Exercise data -
= = =

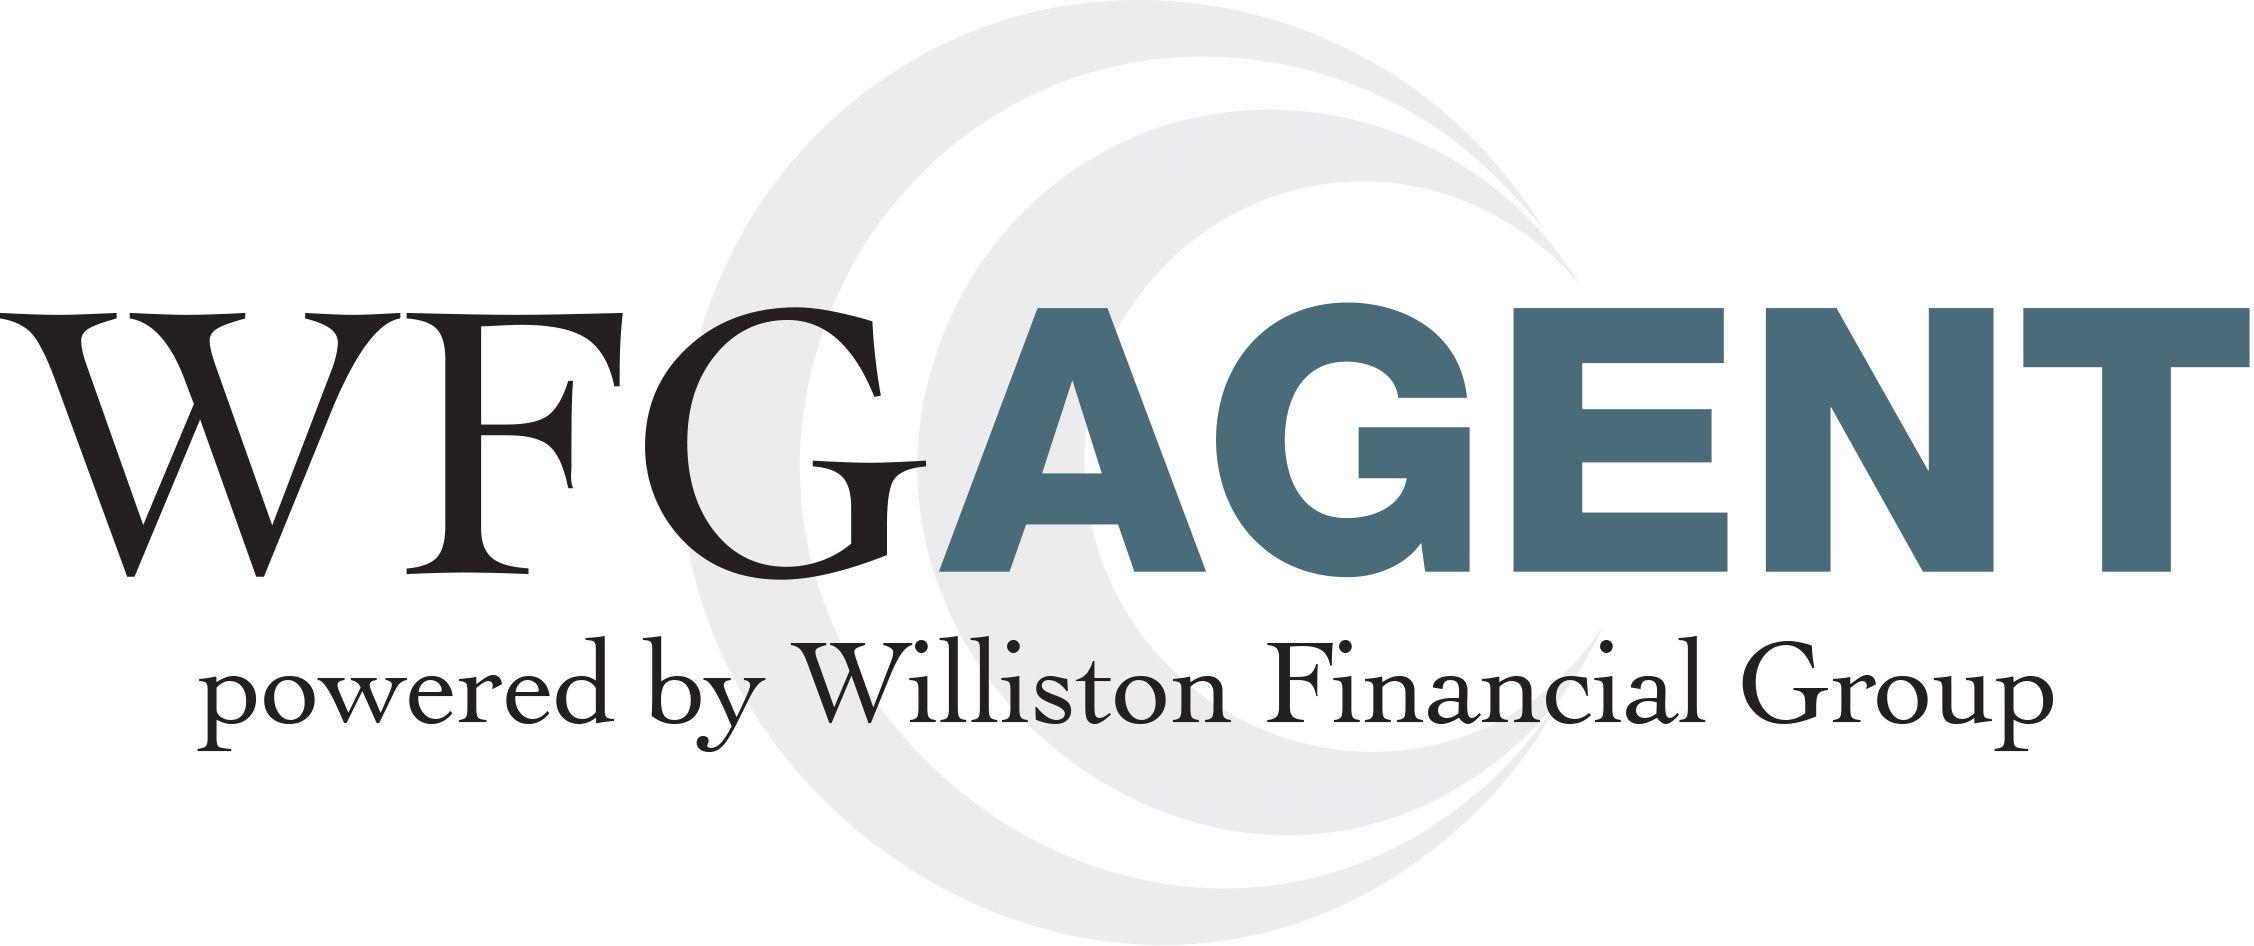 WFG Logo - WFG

= = =

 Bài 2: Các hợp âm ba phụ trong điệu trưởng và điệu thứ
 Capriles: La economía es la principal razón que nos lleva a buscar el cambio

= = =

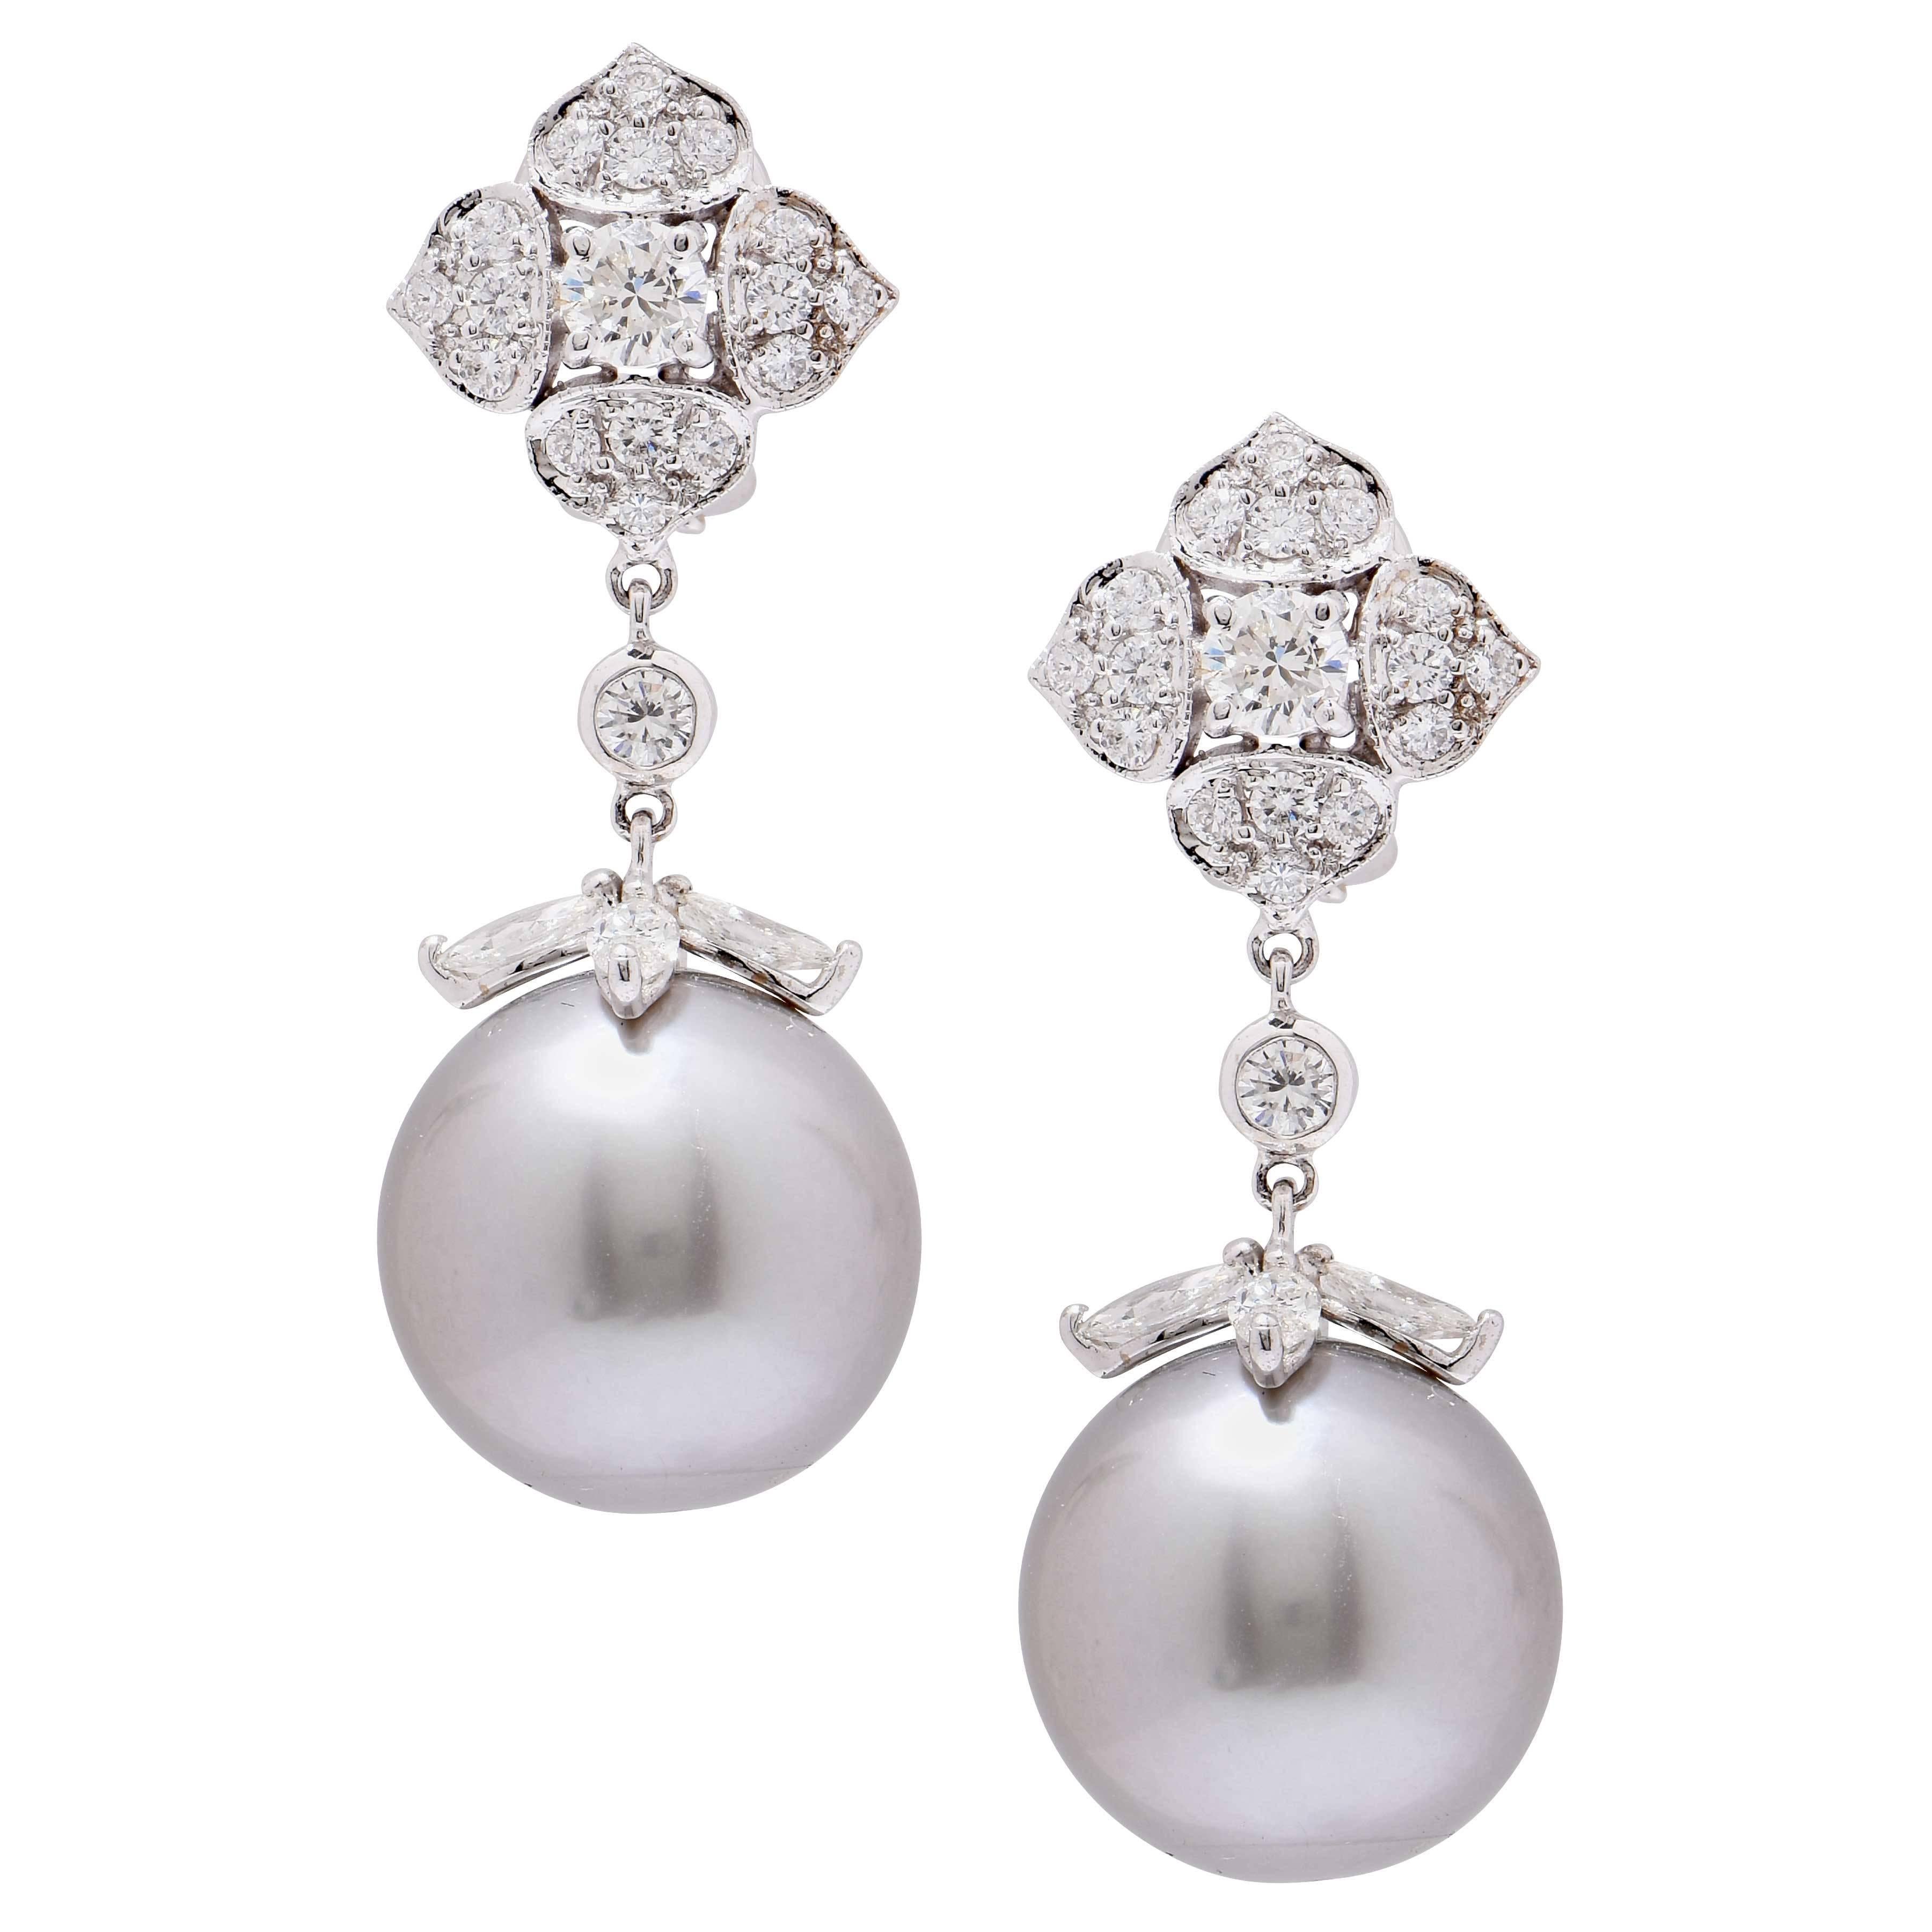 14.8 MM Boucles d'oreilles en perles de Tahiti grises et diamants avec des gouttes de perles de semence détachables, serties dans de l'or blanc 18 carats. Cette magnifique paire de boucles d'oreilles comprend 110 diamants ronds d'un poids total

= = =

What you need to do - Could you set down, exactly as written, the lines above between the one holding "Bài 2: Các hợp" and the one holding "Capriles: La economía", inclusive, and nothing more?

Exercise result -
 Bài 2: Các hợp âm ba phụ trong điệu trưởng và điệu thứ
 Capriles: La economía es la principal razón que nos lleva a buscar el cambio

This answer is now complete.